Although clinical signs may evoke the suspicion of shigellosis, diagnosis is dependent upon the isolation and identification of Shigella from the feces. Positive cultures are most often obtained from blood-tinged plugs of mucus in freshly passed stool specimens obtained during the acute phase of disease. Rectal swabs may also be used to culture shigellae if the specimen is processed rapidly or is deposited in a buffered glycerol saline holding solution. Isolation of shigellae in the clinical laboratory typically involves an initial streaking for isolation on differential/selective media with aerobic incubation to inhibit the growth of the anaerobic normal flora. Commonly used primary isolation media include MacConkey, Hektoen Enteric Agar, and Salmonella-Shigella (SS) Agar. These media contain bile salts to inhibit the growth of other Gram-negative bacteria and pH indicators to differentiate lactose fermenters (Coliforms) from non-lactose fermenters such as shigellae. A liquid enrichment medium (Hajna Gram-negative broth) may also be inoculated with the stool specimen and subcultured onto the selective/differential agarose media after a short growth period. Following overnight incubation of primary isolation media at 37° C, colorless, non-lactose-fermenting colonies are streaked and stabbed into tubed slants of Kligler's Iron Agar or Triple Sugar Iron Agar. In these differential media, Shigella species produce an alkaline slant and an acid butt with no bubbles of gas in the agar. This reaction gives a presumptive identification, and slide agglutination tests with antisera for serogroup and serotype confirm the identification.
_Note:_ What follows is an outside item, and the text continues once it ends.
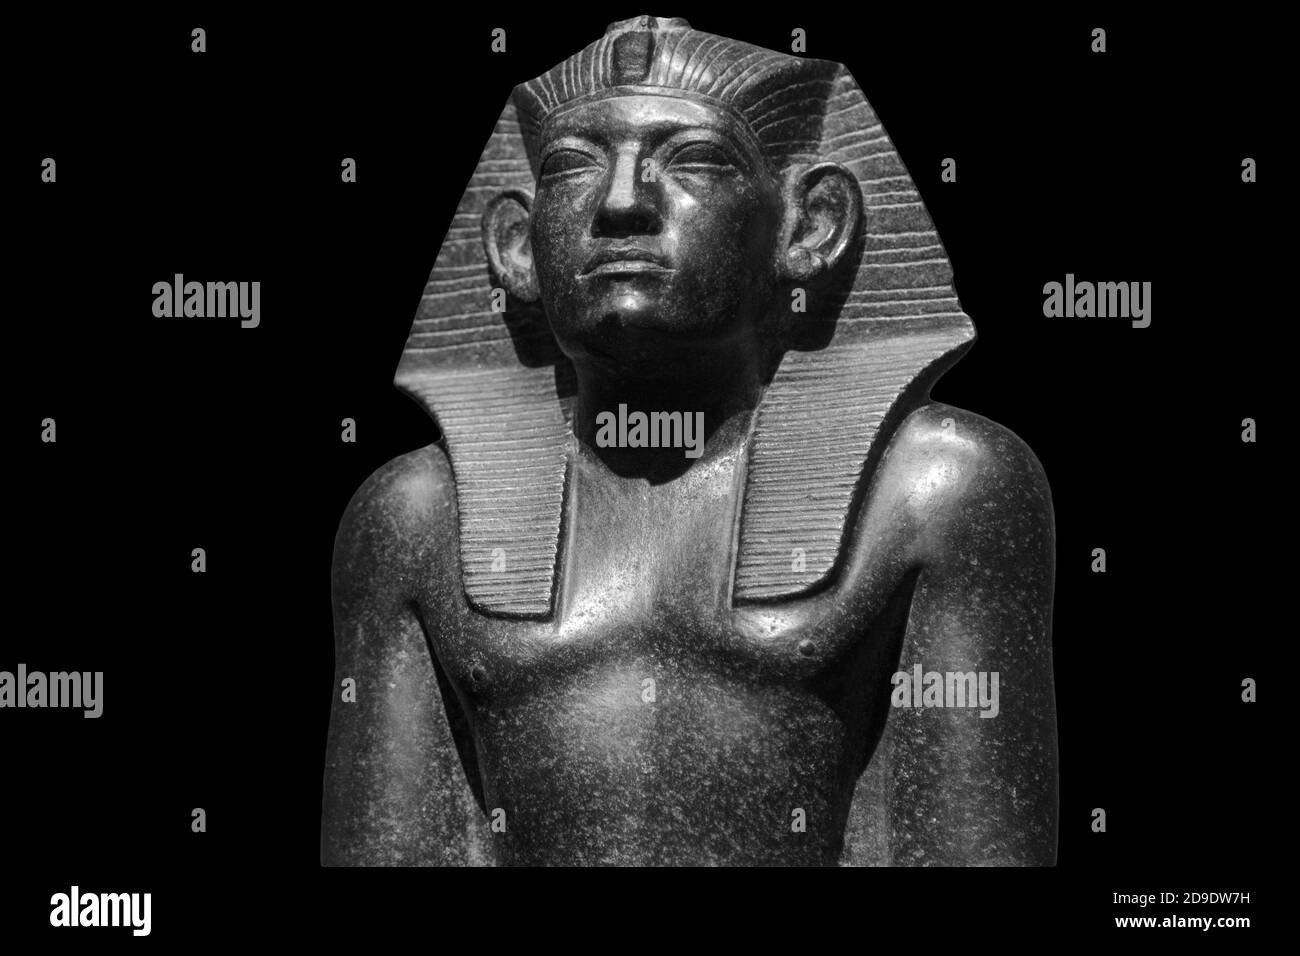 Pharaon dieux égyptiens mort religion symbole statue de pierre isolée sur noir. Masque de pharaon de pierre toutankhamen sur fond noir Banque D'Images

Some E coli biotypes of the normal intestinal flora closely resemble Shigella species (i.e. they are nonmotile, delayed lactose fermenters). These coliforms can usually be differentiated from shigellae by the ability to decarboxylate lysine. However, some coliforms cause enteroinvasive disease because they carry the Shigella-like virulence plasmid, and these pathogens are conventionally identified by laborious serological screening for EIEC serotypes. Sensitive and rapid methodology for identification of both EIEC and Shigella species utilizes DNA probes that hybridize with common virulence plasmid genes or DNA primers that amplify plasmid genes by polymerase chain reaction (PCR). Enzyme-linked immunosorbent assay (ELISA) using antiserum or monoclonal antibody recognizing Ipa proteins can also be used to screen stools for enteroinvasive pathogens. These experimental diagnostic techniques are useful for epidemiological studies of enteroinvasive infections, but they are probably too specialized for routine use in the clinical laboratory.